Is my reasoning here correct? If not, is there a way to use a synchronization block without getting a large performance hit? Having only 1 thread accessing the map at a time feels like overkill.
Assylias is right that what you've got will work fine.
However, if you want to avoid fetching images more than once, that is also possible, with a bit more work. The insight is that if a thread comes along, makes a cache miss, and starts loading an image, then if a second thread comes along wanting the same image before the first thread has finished loading it, then it should wait for the first thread, rather than going and loading it itself.
This is fairly easy to coordinate using some of Java's simpler concurrency classes.

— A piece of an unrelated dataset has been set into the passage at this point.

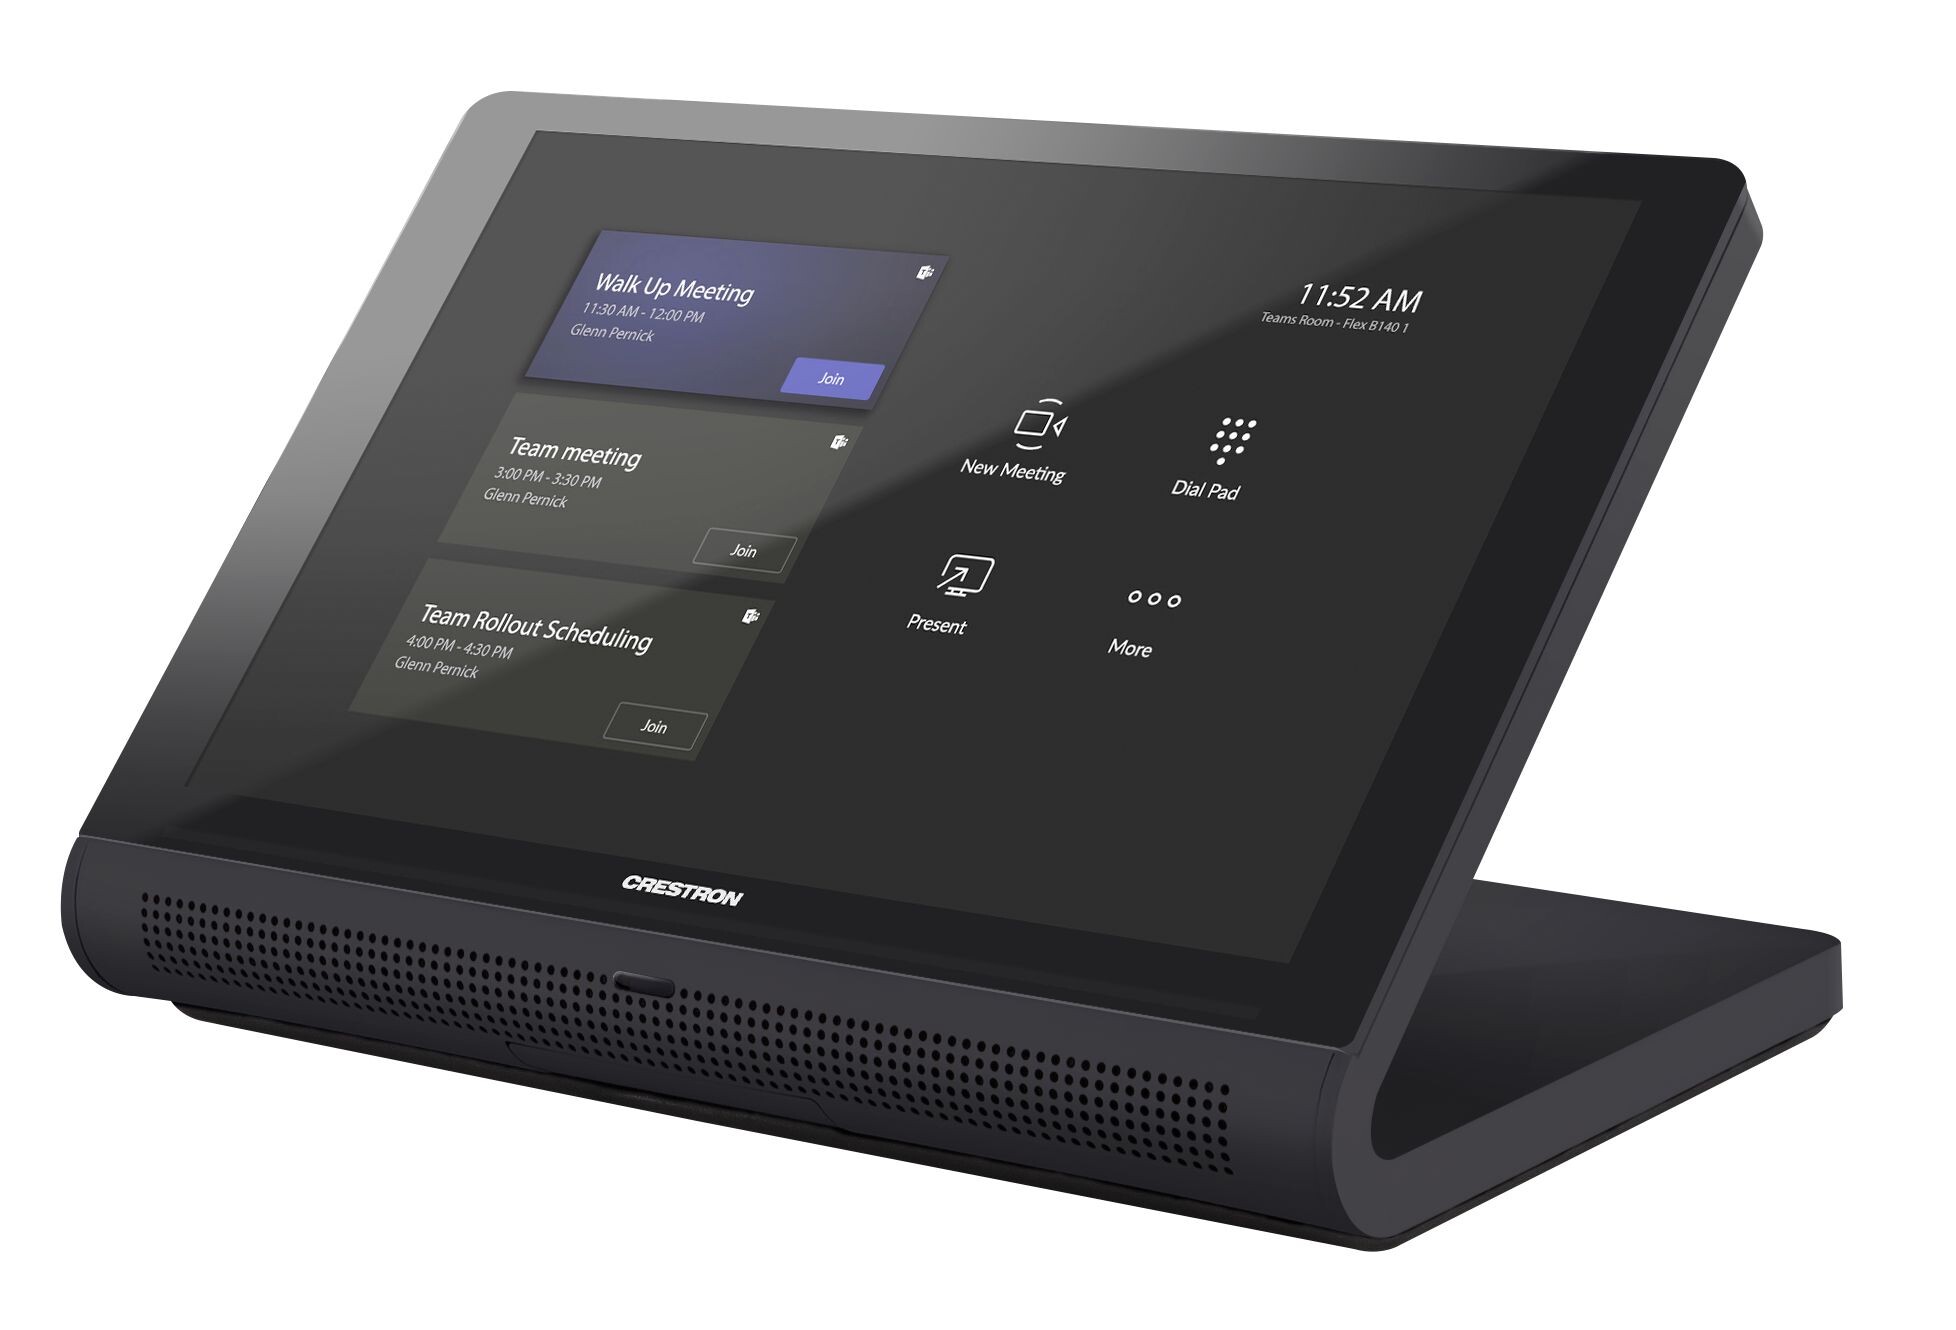 Crestron-TS-770-B-S-7-Tabletop-Touch-Screen-Black-Smooth

Firstly, let me refactor your example to pull out the interesting bit. Here's what you wrote:
public Photo findPhoto(User user) {
Map<Long, Photo> cache = CacheHandler.getPhotoCache();
Photo photo = cache.get(user.getId());
if (photo == null) {
photo = loadPhoto(user);
cache.put(user.getId(), photo);
}
return photo;
}
Here, loadPhoto is a method which does the actual nitty-gritty of loading a photo, which isn't relevant here. I assume that the validation of the user is done in another method which calls this one. Other than that, this is your code.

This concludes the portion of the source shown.